While one trilogy for teens ends, another begins. Rites of Passage: Borderland (Oxford University Press, £4.99) is the first of a new trilogy by young Oxford author Rhiannon Lassiter.
According to the blurb, these books will appeal to fans of Buffy the Vampire Slayer, but Borderland lacks that magnificent show's wit and charm. The central conceit - that four teenagers find their way into another world where they develop unique, sometimes magical alter-egos - is promising, but pretentious writing and a reliance on fantasy-novel cliché make this one to avoid.
Jennifer Donnelly's excellent début novel, A Gathering Light (Bloomsbury, £12.99), is based on the true story of Grace Brown, who was pregnant when she was murdered by her lover in a mountain resort town in 1906.
Donnelly tells the story of this famous case from the viewpoint of Mattie Gokey, a smart 16-year-old girl who's working in the resort to earn money that could take her all the way to New York City - and college. Beautifully written and peopled by utterly convincing characters, A Gathering Light is a summer must-read.

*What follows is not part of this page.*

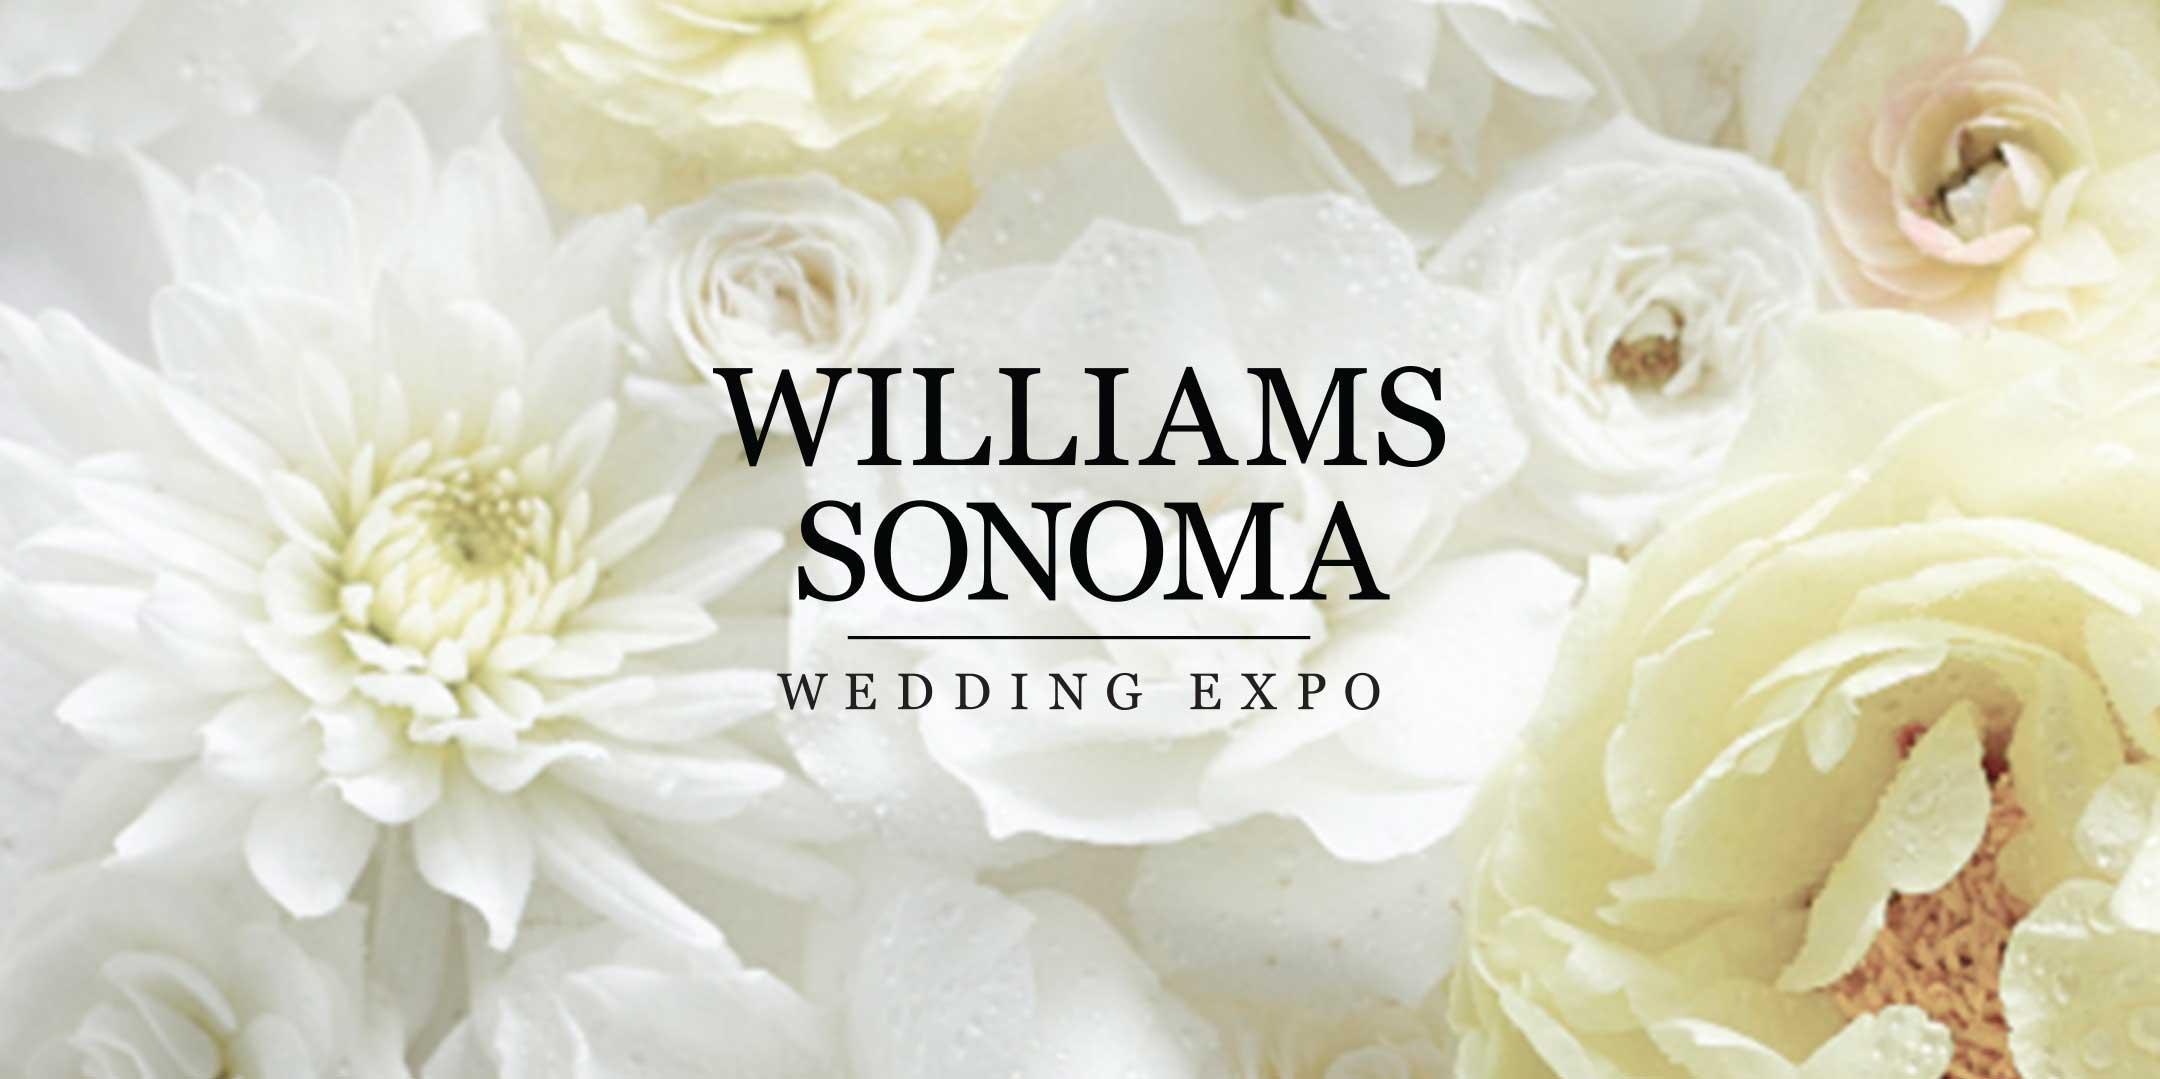 Williams Sonoma Wedding Expo in Edina...Happily Ever Starts Here!

Also hoping to go to college is Raven Jefferson, resident of the Brooklyn housing projects and the heroine of Janet McDonald's Spellbound (Collins Flamingo, £4.99). Forced to drop out of high school after she becomes pregnant, Raven is offered a second chance at college when her successful older sister tells her about a spelling competition that could snag her a scholarship.
Raven's journey out of the ghetto is funny, sad and hopeful, and by the time she finally takes part in the competition, you'll want to cheer her through every round. That's the best thing about underdog heroes - it means a lot more when they finally win.